McSweeney also said he did not swear at officials over the process after MPs claimed that a Sky News journalist had reported he had.

Barton said earlier he did not recall any instances where McSweeney had sworn at him.

The ex-Downing Street operator took aim at rumours in Westminster for being “corrosive” and added that there was a “real difference between asking people to act at pace and asking people to lower standards”. 

“We never did that. We never asked people to skip steps.”

Read more Top Foreign Office civil servant ousted over latest Mandelson bombshell Jaw-dropper revelations

In his session, McSweeney also revealed that former Tory Chancellor George Osborne was on a final two-man shortlist for the ambassadorial role and that others had advised Starmer to make a political appointment to the post in the US. 

He also revealed that Jonathan Powell was appointed as national security adviser before receiving security clearance and Mandelson was in Downing Street on the day of the reshuffle last year when Angela Rayner resigned as deputy prime minister and housing secretary. 

The former Labour electoral mastermind also said he left the process to the Foreign Office and admitted it would have been a “political embarrassment” if it was found that Mandelson failed security vetting though Starmer would have “withdrawn the ambassadorship”. 

“The Prime Minister did not have enough information because Mandelson did not share the necessary information with him.

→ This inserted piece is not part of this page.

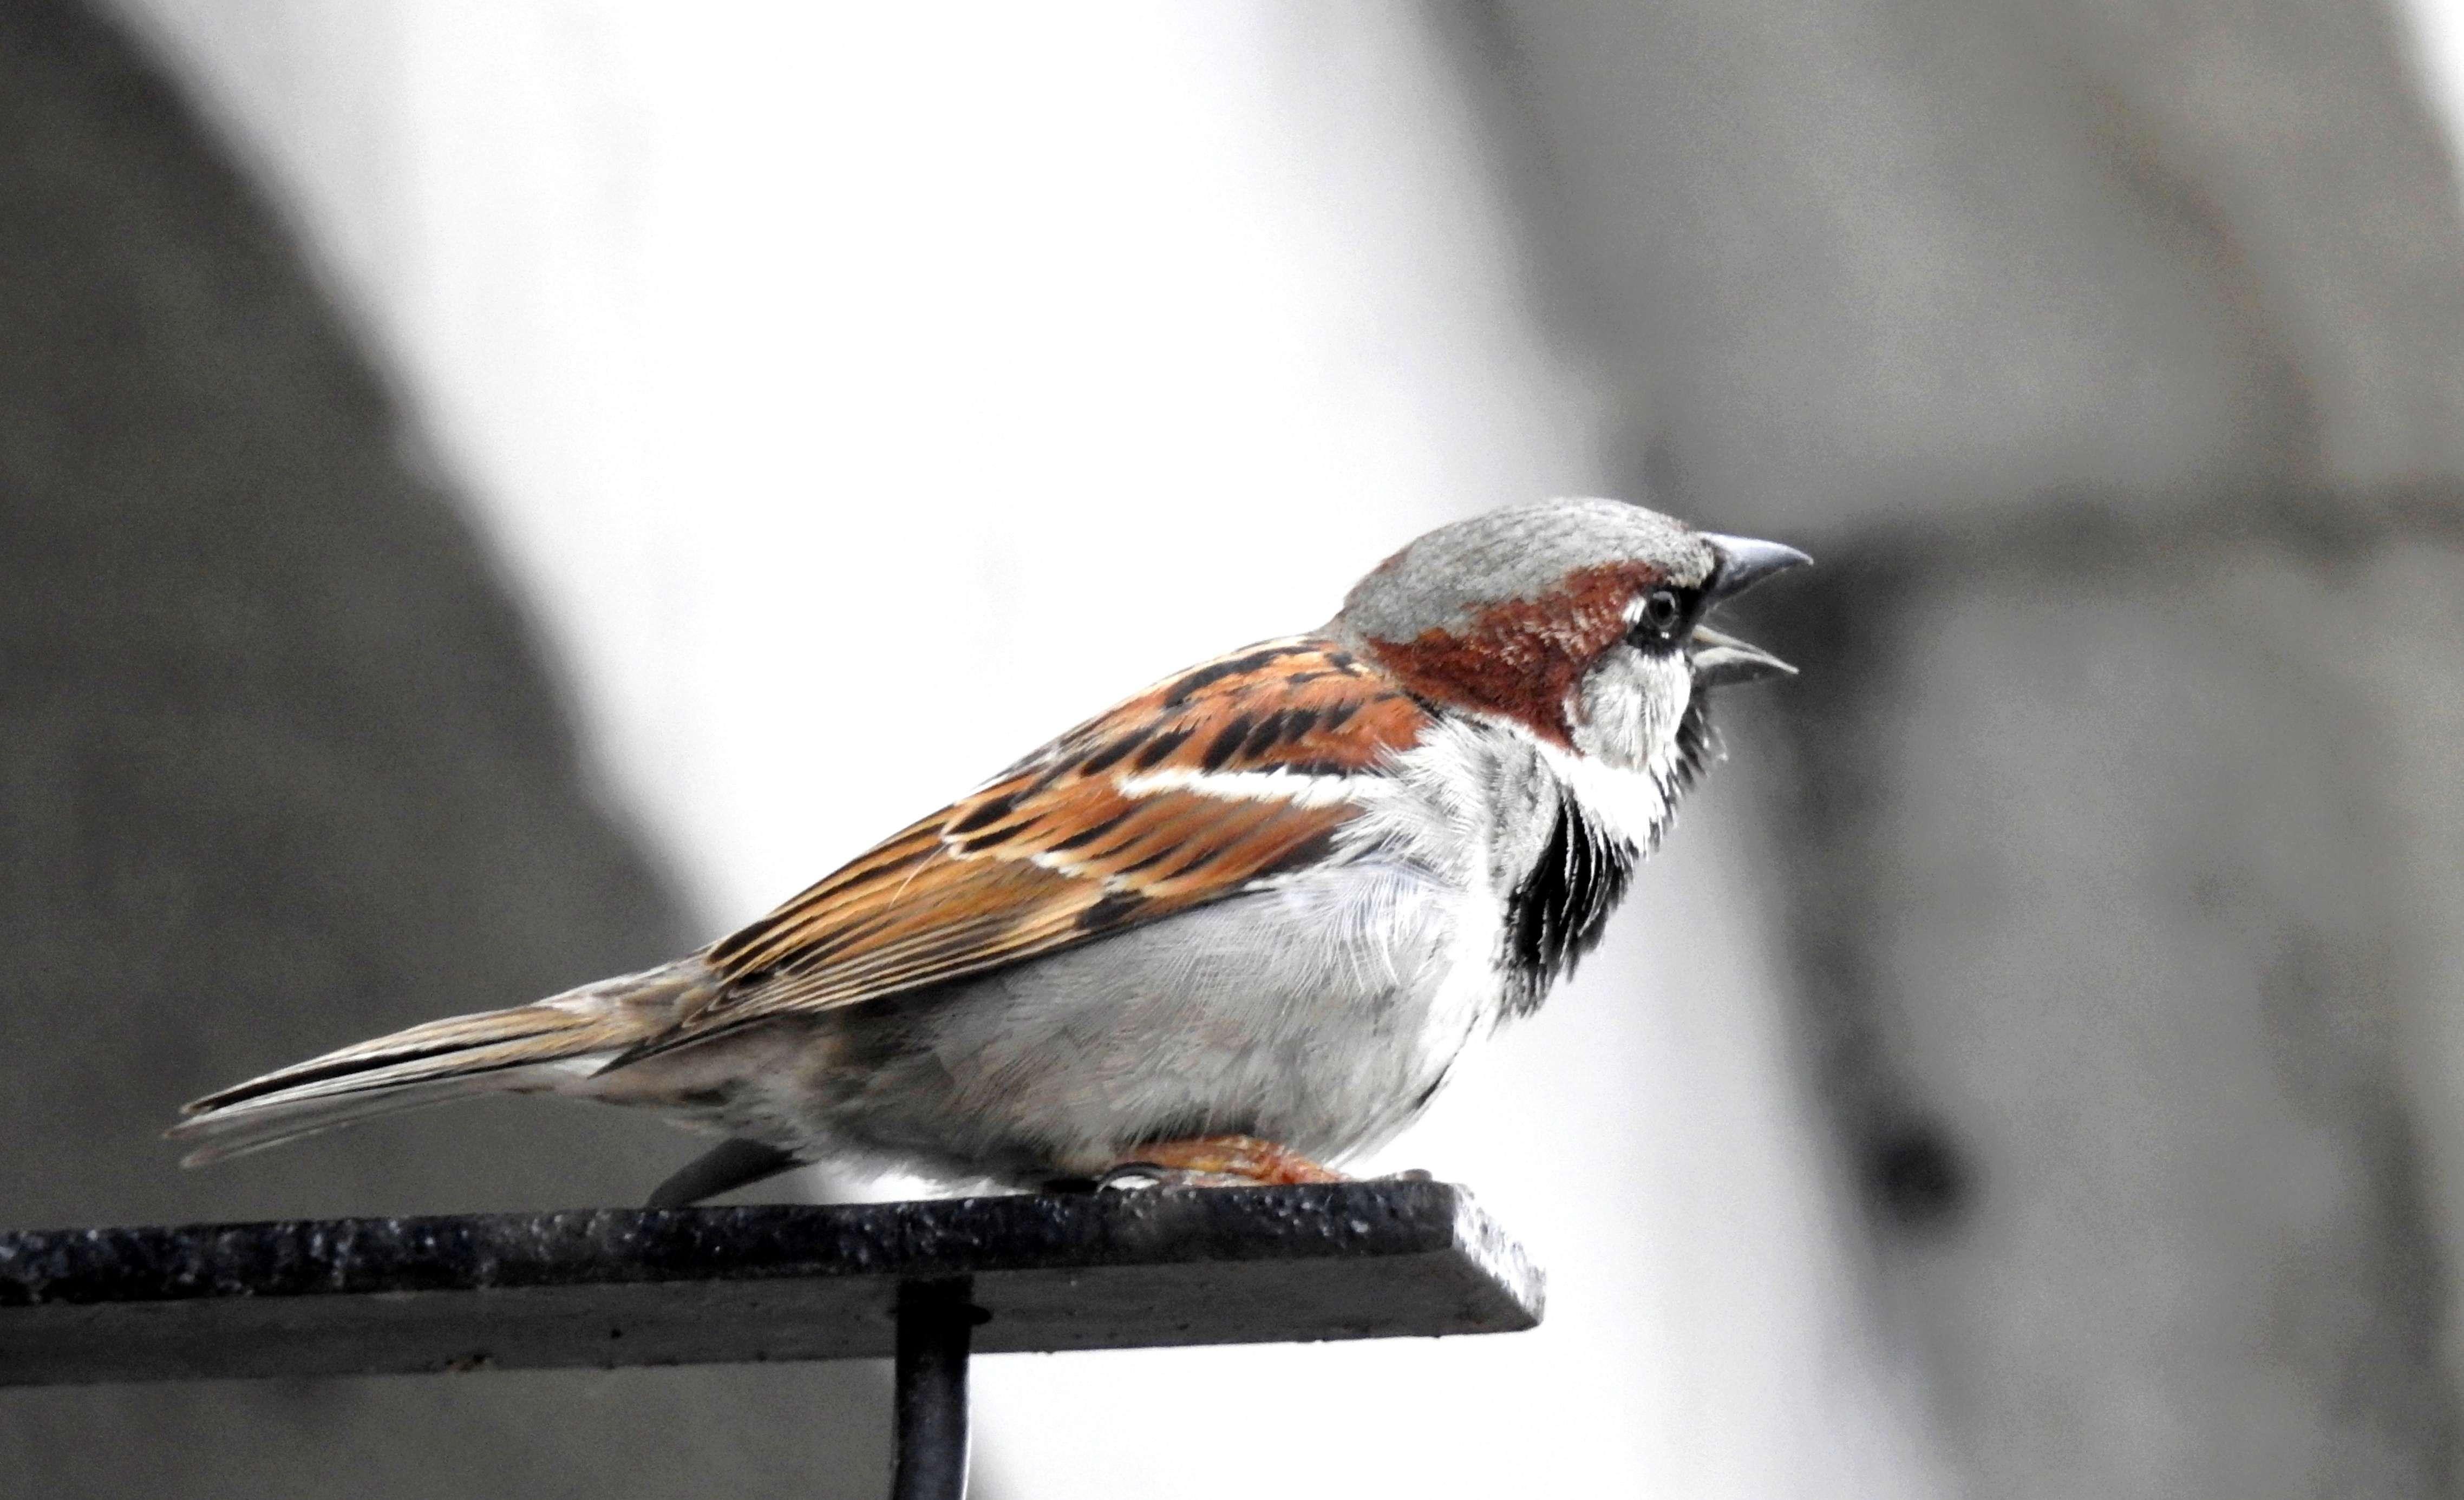 [Ouvert] FIL - Oiseaux. - Page 14 2018-080

He had ample opportunity to do so and did not”

McSweeney also said former foreign secretary David Lammy was not told about a possible appointment for Lord Matthew Doyle after he left his position as Number 10 director of communications because of “delicate HR issues”. 

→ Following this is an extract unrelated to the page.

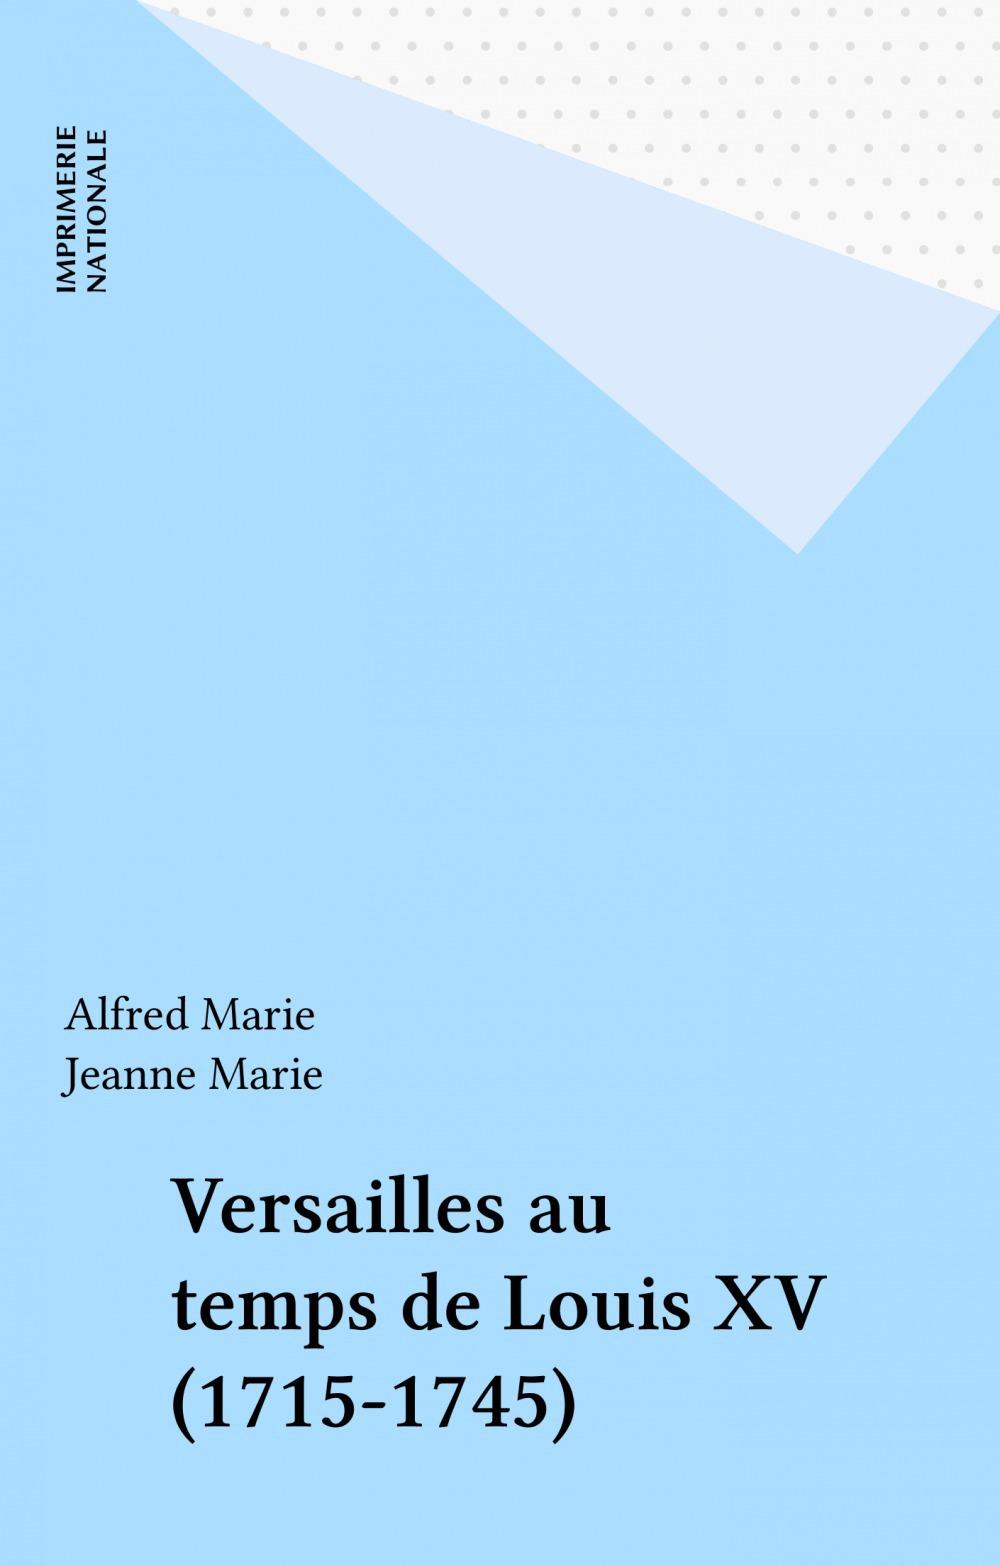 Versailles au temps de louis xv

“If someone leaves your job, you don’t want everyone to know about it.”

Ex- Foreign Office mandarin adds twist to Mandelson saga 

Barton appeared before MPs shortly before McSweeney. 

During his session, he said he was not involved in the decision-making for Mandelson’s appointment. 

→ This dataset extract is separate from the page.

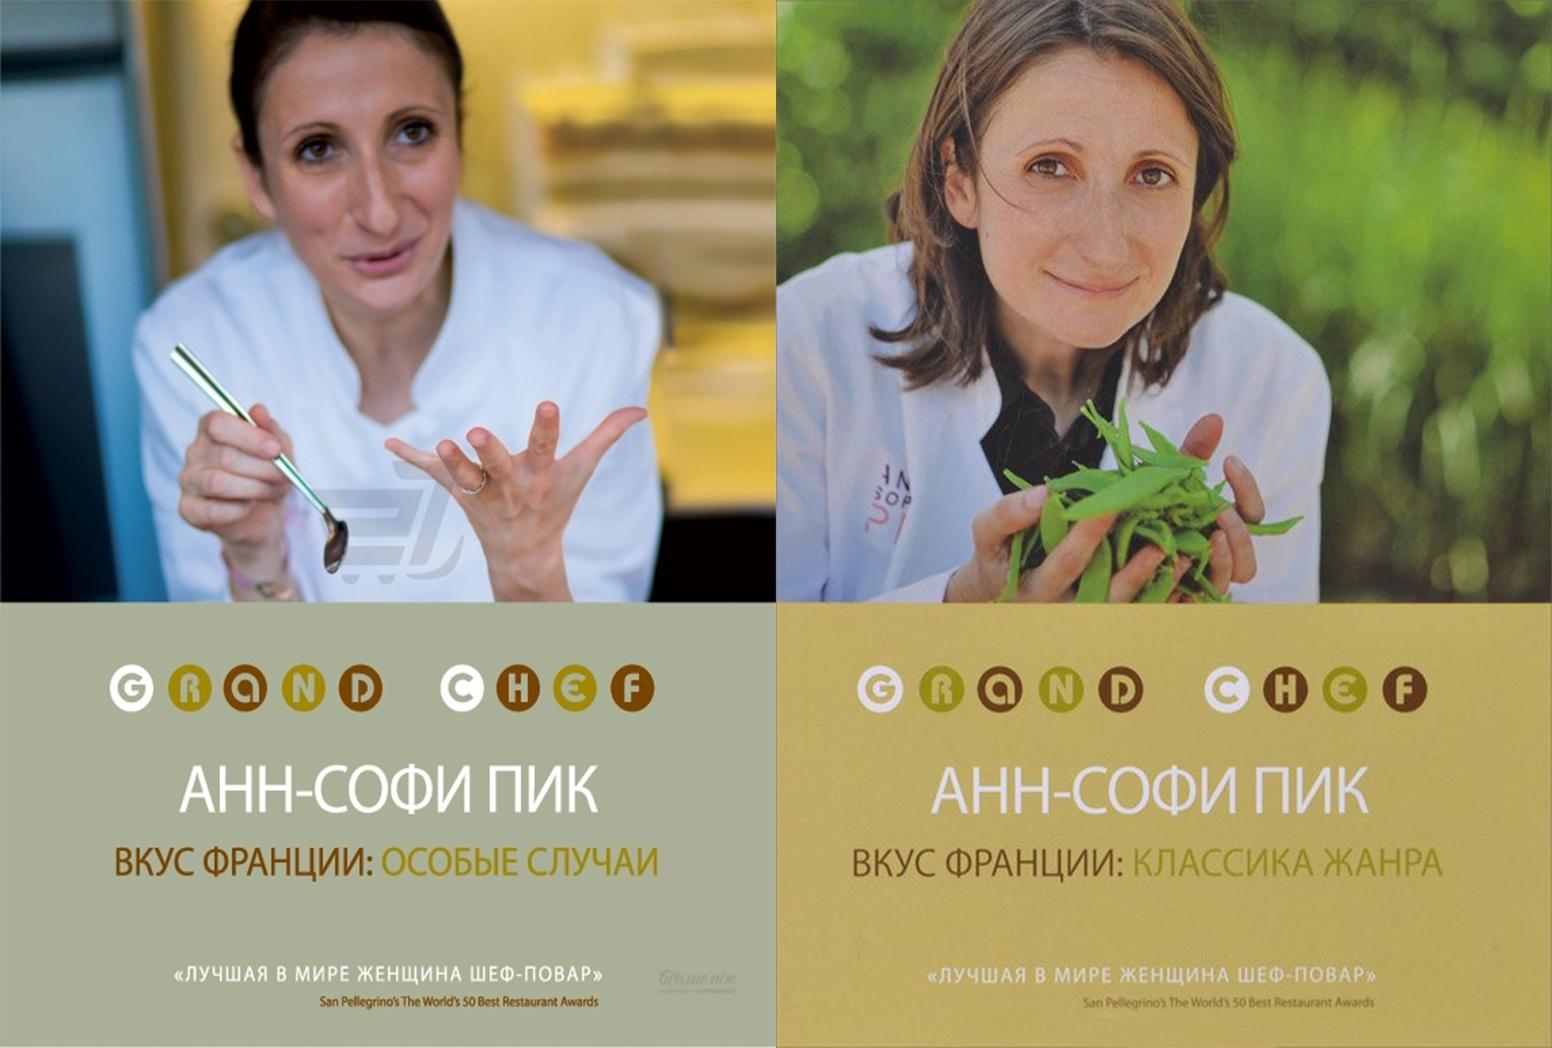 Пик Анн-Софи Набор книг по кулинарии Франции 2 книги Анн-Софи Пик Вкус Франции

He also said the Cabinet Office suggested Mandelson did not need security vetting due to his position in the House of Lords, which he thought was “odd”. 

“I knew very well to do the job effectively, you have to be party to some of the deepest secrets that the UK Government holds.

“But I also recognise that the situation was unusual, and I therefore asked for advice, although it was pretty clear in my mind from the FCDO (Foreign, Commonwealth and Development Office) security team. They came back to me after discussions with the Cabinet Office, and said that their advice was that he should have DV (developed vetting), and I absolutely agreed with that.”

He said it would have been “very odd” to stop Mandelson from seeing highly classified documents before completing full vetting as he moved in to Washington DC. 

But in awkward comments for Starmer and his team, he added that he was told to “get on” with the appointment. 

“There was no space for dialogue,” Barton told MPs.

“I had a concern that a man who demonstrably from the public record at the time – and it was clearly much bigger than we all knew – had a link to Epstein, and that Epstein through both the presidential election campaign in the US and more generally in US politics, had been and was a controversial figure, and I was worried that this could become a problem in future.”

“That is a very candid account of probably what I was thinking at the time, but there was no space or avenue or mechanism for me to put that on the table.

“A decision had been taken. It was a political decision.”

When asked about whether due process had been followed, the ex-Foreign Office chief replied: “I’m going to dodge.”